Nonna’s eyes had become large and wild. I picked up the letter and shoved it back into the envelope.

“There’s no need to get upset, Nonna,” I said. “It happened a long time ago.”

“Yes, a long time ago,” she said, leaning back into the sofa, exhausted. “A very long time ago. But tell me, child, do we ever escape the evils of the past?”

A chill fell over me, and although I had no clear idea of the evils to which Nonna referred, I felt the same premonition I had felt earlier that day, a premonition of the past bleeding into the future, dark and deadly, a warning to leave it be and go on as if I had never heard the name Montebianco.

“Do not go to them,” she said, meeting my eyes. “Your family has had such trouble. Such tragedy and pain. Let the past die. Look ahead, to the future here with Luca.”

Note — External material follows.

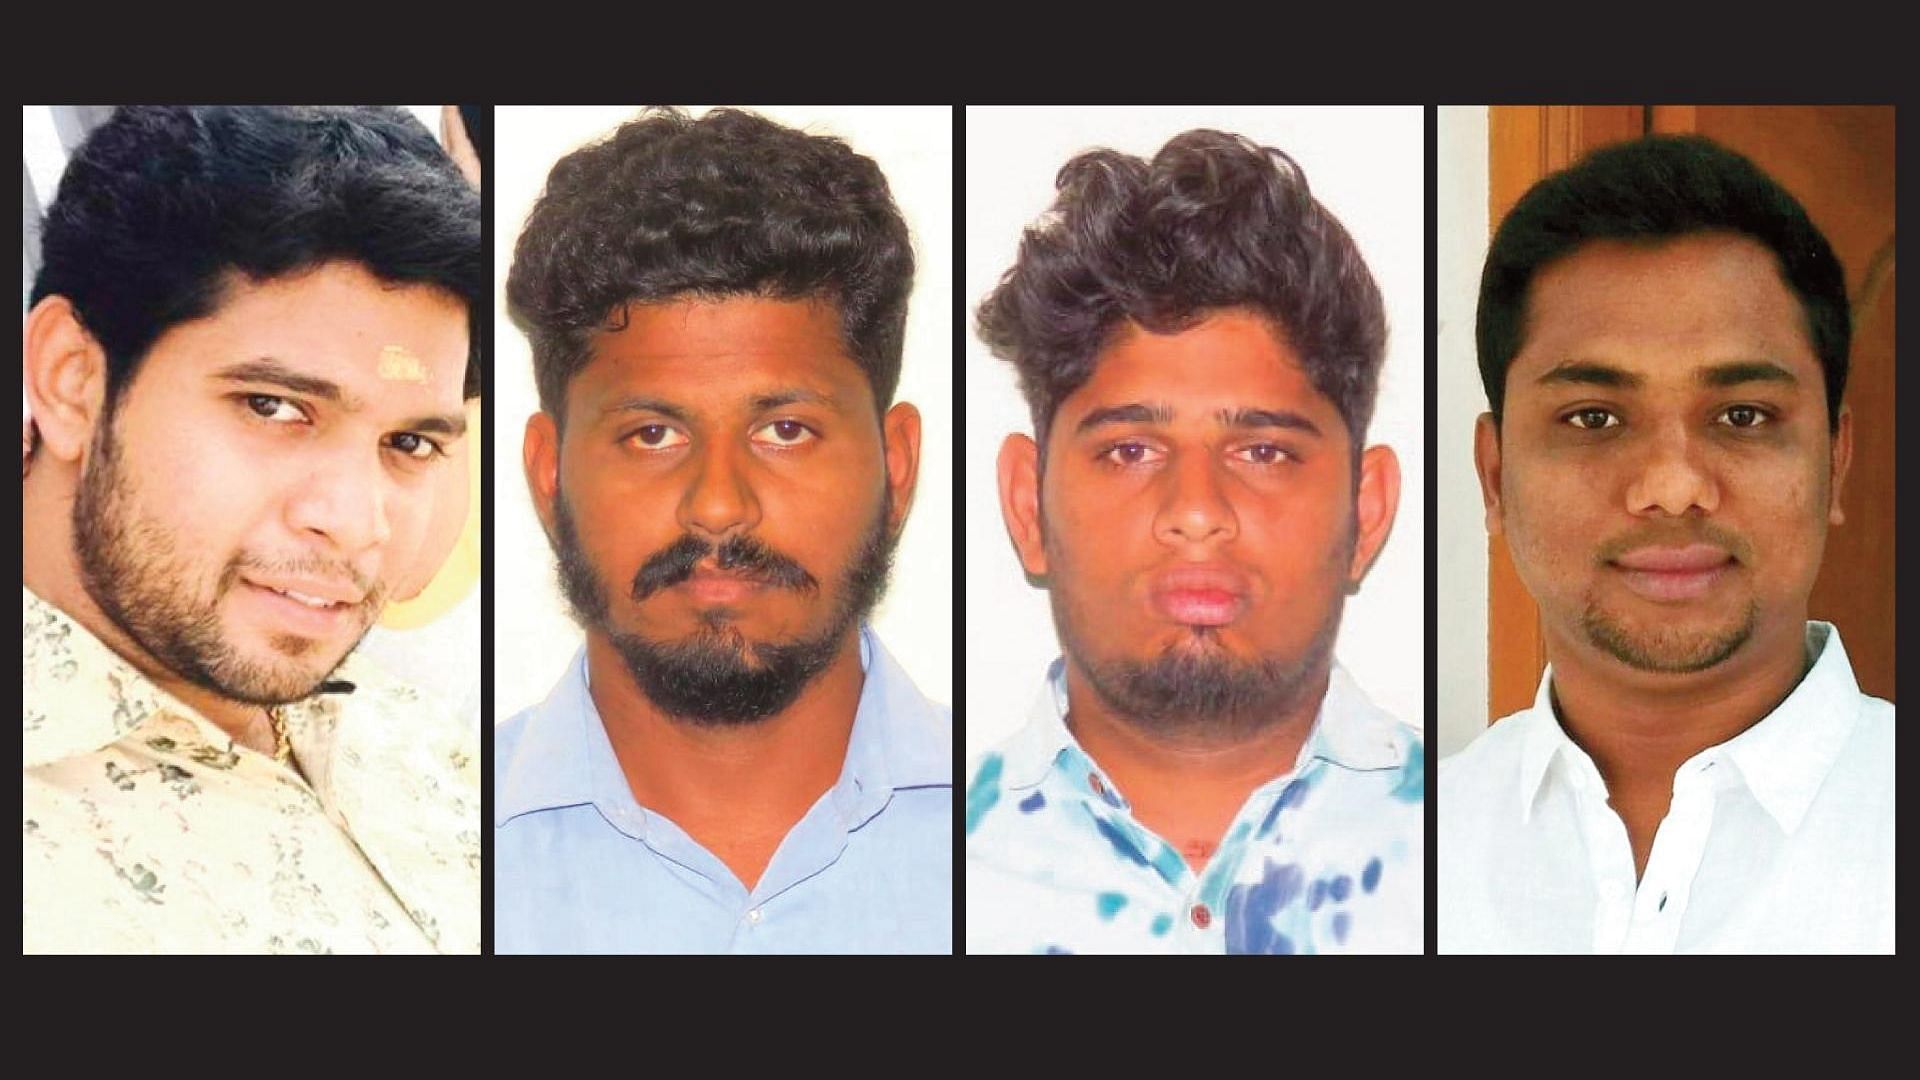 Thirunavukkarasu, Sabarirajan, Vasanthakumar and Satish - the four youths who were arrested in connection with the sexual assault of young girls in Pollachi, Tamil Nadu.&nbsp;

I stared at her, wondering what on earth she was talking about. Could she possibly know about the troubles Luca and I had had over the years? We hadn’t told anyone about our struggles to have a child. The pregnancies, the miscarriages, my infertility treatments, the specialists—we had tried to spare them disappointment.

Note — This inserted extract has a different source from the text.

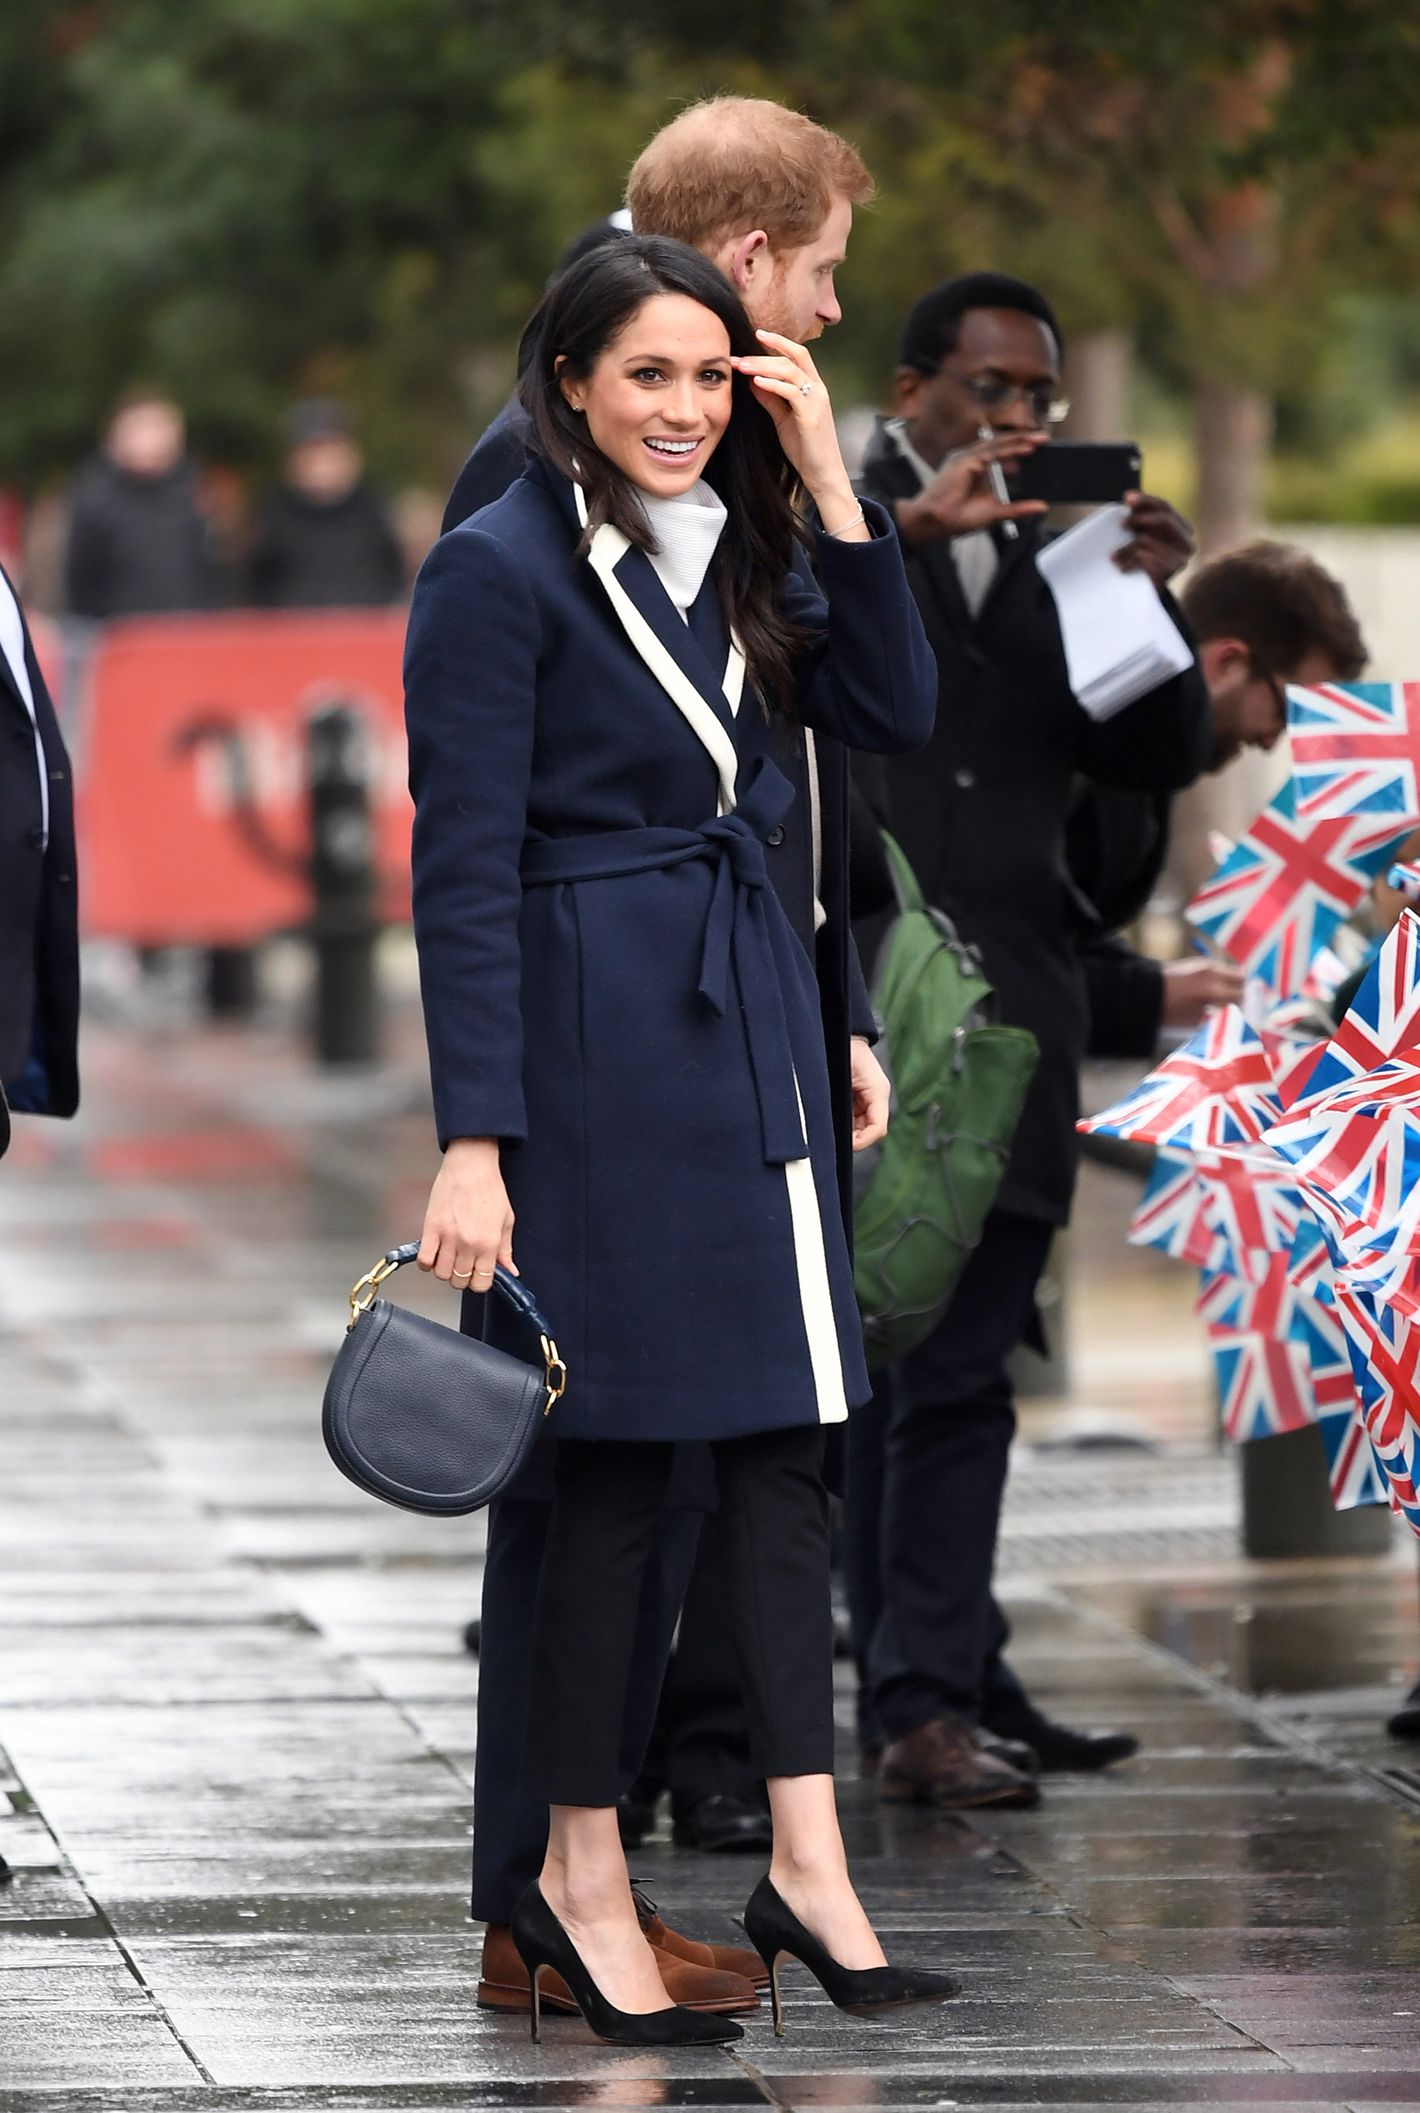 How Meghan Markle Gets Clothes for Her Royal Wardrobe

“Everything is fine, Nonna,” I said. “Don’t worry. It will all be okay.”

“This is our fault,” she said, her voice anguished, her eyes enormous behind her glasses. “We didn’t tell our children what happened in Nevenero. We didn’t tell our grandchildren. We wanted to forget. We wanted you to be innocent. We thought we had escaped.”

Nonna trembled as she spoke. She didn’t look well. I felt for my phone. I would call Luca and ask him to come over and help.

“This is nothing to get worked up about, Nonna,” I said. “Please. Don’t worry. It’s just a letter.”

“Just a letter?” she said, her eyes growing large. “Don’t you understand? They want you back. The Montebianco family has come for you. They need you back. I am sure this is not the first time they’ve tried. Giovanni must have known they would come. He couldn’t bear the thought of it. That is why he killed himself.”

“My grandfather killed himself?” I asked, astonished. I leaned back into the recliner for support. “He committed suicide? Are you sure?”

“Don’t be fooled,” she said, narrowing her eyes. “Whatever that family gives you is nothing compared to what you will lose.”

It couldn’t be true that my grandfather had killed himself. I would have known. My parents would have told me. But suddenly, it struck me how little I knew about my grandparents. My parents had no photos of them, no family heirlooms, nothing at all of our Italian heritage. My parents had never spoken of the past. Could they have been hiding something?

Nonna tried to stand, but fell back into the sofa, wheezing and gasping. I was afraid she would collapse right there and die, on the floor of her living room.